What is Autism Recovery?

If you know anything about me, you know that I am passionate about providing quality services for children with autism as early as possible to ensure that every child has the opportunity to progress as far as possible and to potentially recover from autism. I’ve written about this topic here, here, and here.

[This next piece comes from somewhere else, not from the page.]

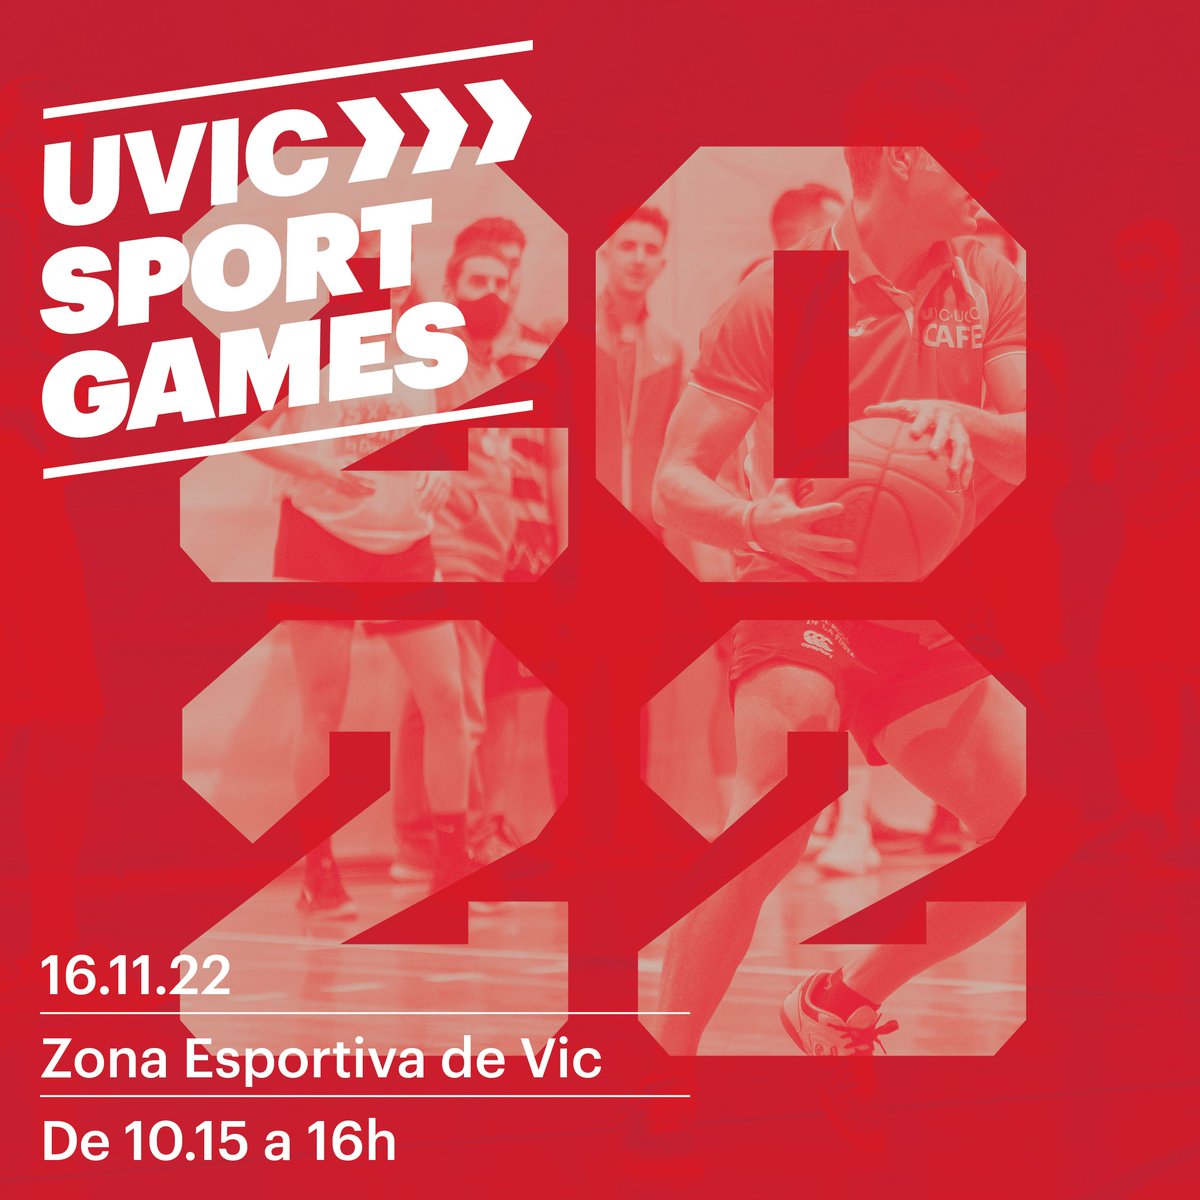 📢Apunta't a la 2a edició dels UVic Sport Games, la jornada esportiva universitària oberta a alumnes, professorat i PAS 📅16.11.2022 ⏲️De 10.15 a 16 h 📍Zona esportiva de Vic Informació👉uvic.cat/sport-games Inscripcions👉bit.ly/3WgaL2L

If you think I’ve already had a few too many to drink today, please check out this professional video from the University of Connecticut. The researcher in this video is a Licensed Clinical Psychologist. Her name is Deb Fein and she is really good at diagnosing children. She realized she needed to study this further when a child she had previously diagnosed returned to her several years later and did not meet the criteria for autism.

So she began researching this very topic. While recovery from autism describes what she sees, Dr. Fein has chosen to use the words Optimal Outcome to describe the children who ultimately obtained optimal outcome and no longer met the criteria for autism.

In our journal club meeting on Monday, we read and discussed the following article:

Moulton, E., Barton, M. Robins, D. L., Abrams, D. N., & Fein, D. (2016). Earlycharacteristics of children with ASD who demonstrate optimal progress between age two and four. Journal of Autism and Developmental Disorders, 46, 2160-2173. You may access a free copy of the article here: https://www.ncbi.nlm.nih.gov/pmc/articles/PMC4860351/pdf/nihms761908.pdf

We were a little disappointed in this paper in that it didn’t address treatment and optimal outcome but rather predictors of optimal outcome. 190 children participated in the study with 19 of them achieving optimal outcome.

At the beginning of the study, researchers classified all children into 4 groups: PDD-NOS; Asperger’s; ASD; and ASD Low MA (mental age less than 12 months). On average, all children were diagnosed around 26 months of age. Re-assessment occurred around 48 months.

Before we go further, it is important to note that the children in this study were Caucasian and far above the poverty line. Also, the study didn’t control for early intervention so it’s hard to really say other than the obvious:

  1. Children who were originally diagnosed with PDD-NOS were more likely to lose their diagnosis at re-evaluation.
  2. No children with ASD-Low MA met the criteria for optimal progress (OP) at follow up assessment. 
  3. Children in the OP group showed less severe symptoms in the area of social skills, stereotypies, and sensory abnormalities
  4. Children in the OP group showed fewer DSM-V symptoms at initial diagnosis
  5. Children in the OP group showed stronger adaptive abilities
  6. Lesser symptoms of restricted interests and  repetitive behaviors predicted OP.

​It is super important that we not think of this as mis-diagnosis but rather, the earlier the diagnosis, the earlier the intervention, the more quantity of intervention, and thus, better outcomes that result in losing the autism diagnosis.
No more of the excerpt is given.